The degree of imprecision of student-level scores on the CAASPP/SBAC is substantial. It’s common to see (+/-) 25 to 35 scale score point variation in individual results – enough to cause many a student to straddle a boundary separating Level 2 from Level 3. With interim assessments like NWEA’s, imprecision is less of a factor, but at the student level, still sizeable enough to render ambiguous the determination of whether a student’s fall score was higher or lower than her score the prior spring.
So how likely is it for a student to have a lower score on their current test compared to their prior test? Even with tests given annually, it’s common. Psychometrician Howard Herl, who is a friend and colleague in our K12 Measures work, was on a team at the Los Angeles CoE during the era of the California Standards Test. When helping principals interpret students’ test results as part of an II/USP county office assistance team, he often saw one-fourth of students’ scores move up a proficiency band, one-fourth move down, and half remain the same. When Howard and I examined NWEA results, winter-to-winter, on behalf of a client, we saw a similar proportion of students’ scale scores decline. That’s over a full year’s time, avoiding the precarious measurement moment of the fall interim assessment.

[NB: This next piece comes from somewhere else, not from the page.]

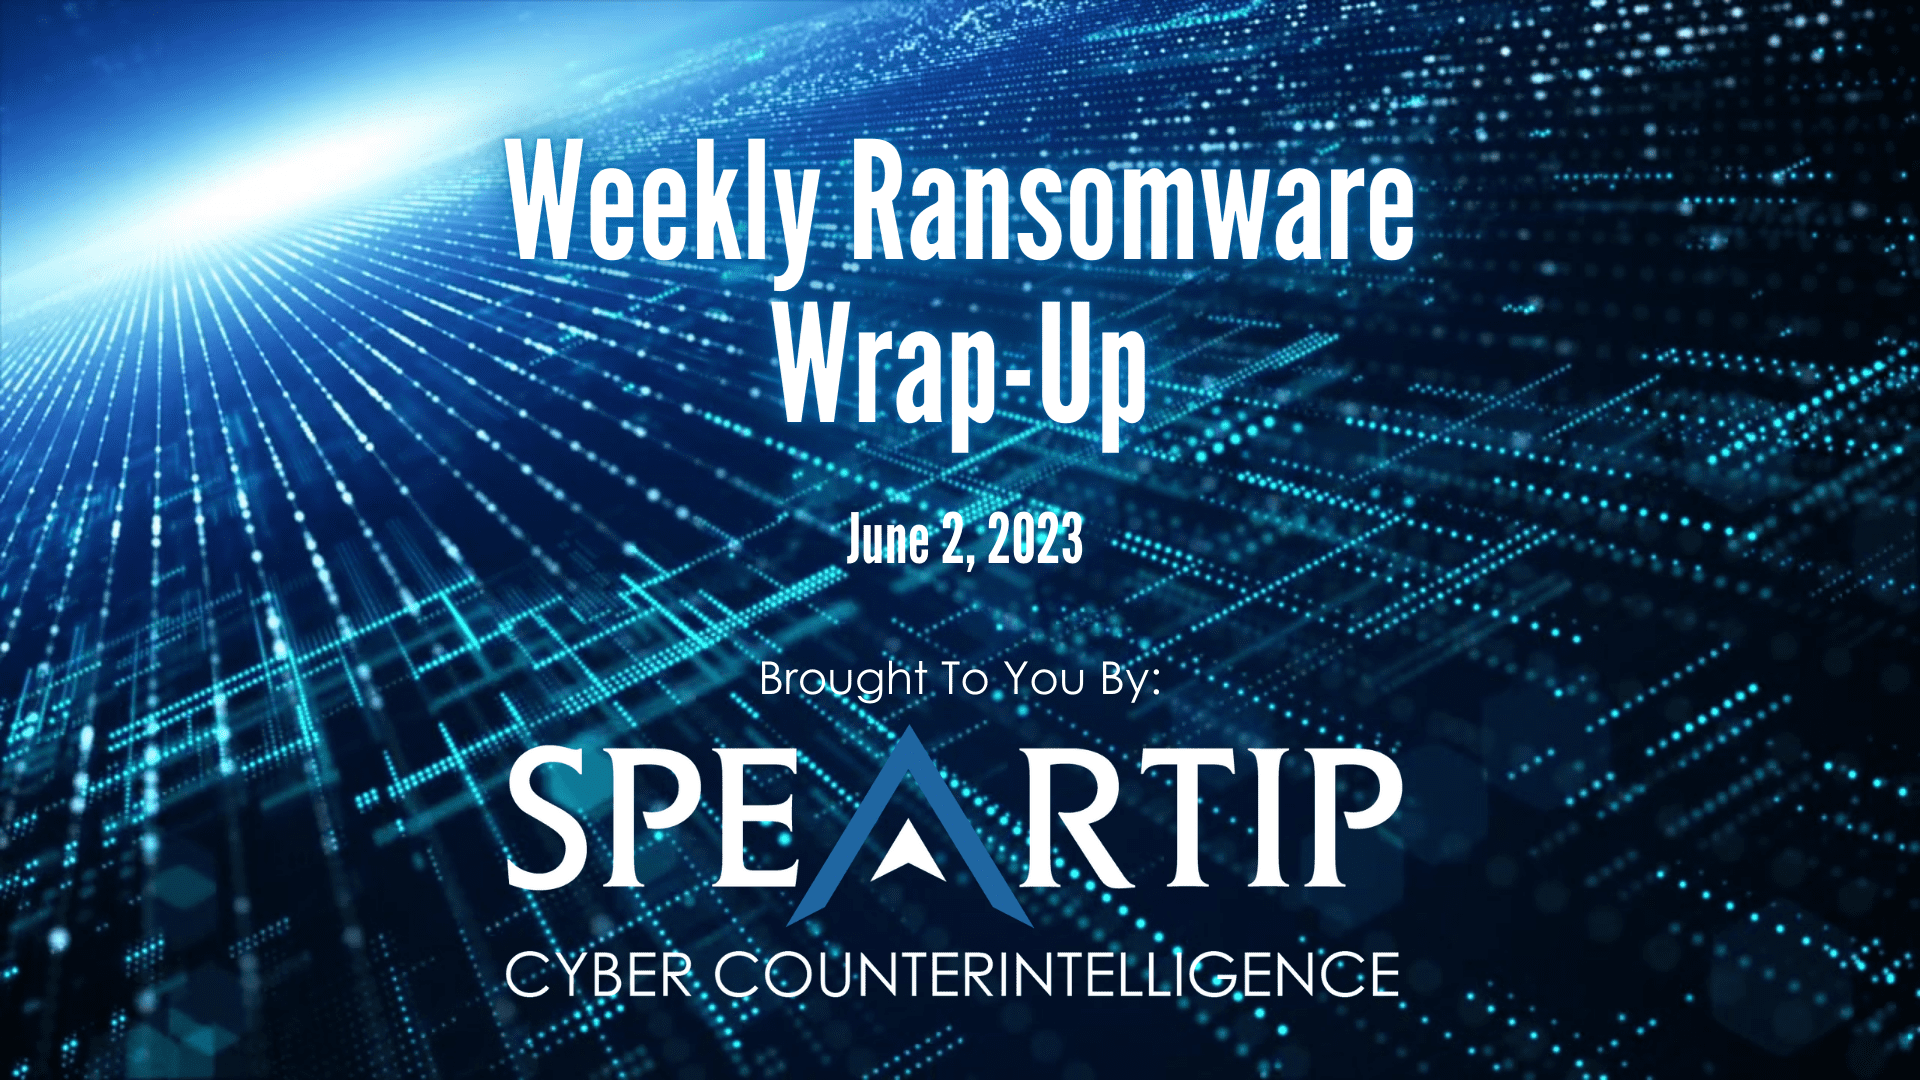 June-2-2023-Weekly Ransomware Wrap-up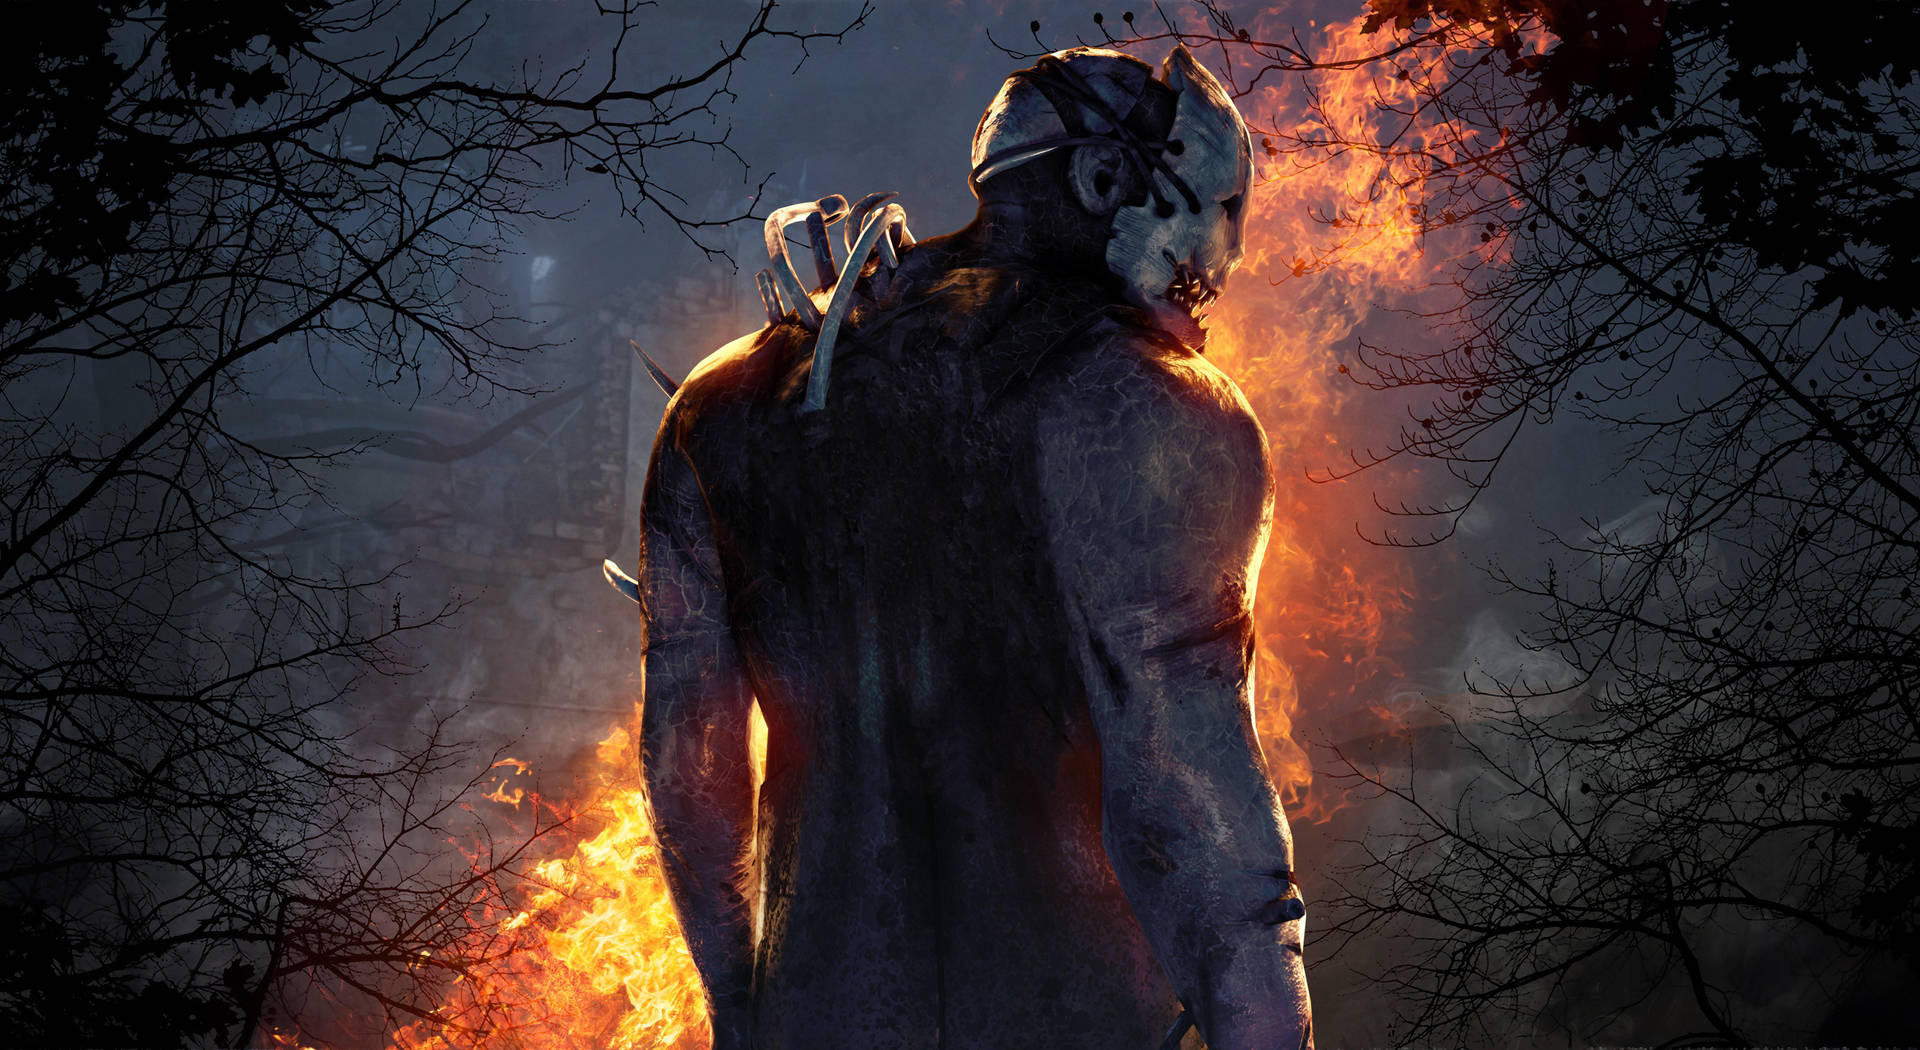 The Trapper from Dead By Daylight sets the stage on fire Wallpaper

Precautions and predictions
I urge you to look at the variation of student results when your district administers the next interim assessment. Compare current to prior scale score results for all your students, and look to see what proportion scored higher after months of absence from school.
In fact, I suggest you make bets with your colleagues and co-workers. If the prevailing opinion of COVID-learning-loss is universal, and your colleagues bet that all students’ scale scores will decline, then ask them for 5-to-1 odds that at least 10 percent of students will actually show gains. I think you could make enough spare change to enjoy a nice meal out (if restaurants are open by then).
If that occurs, as I suspect it will, what will that mean to your fellow educators? How will you explain that some students learned a lot while not coming to school? When you see which students showed gains, you may discover patterns that help you answer that question. Don’t be too sure of what causes some kids to score higher. But be a detective. Gather evidence before you form a hunch.
You may be wondering when interim assessments are going to be given. But if your district is an NWEA client, be aware that they have developed a remote administration version. This NWEA press release explains the particulars and provides a link to their technical bulletins. If curriculum can be delivered from afar, certainly tests can be delivered that way, too. The jury’s still out on the soundness of the results, but NWEA and its research teams are known to be smart and careful. With 400,000 tests given this way as of mid-July, they’re no doubt learning a lot and fine-tuning this as they go.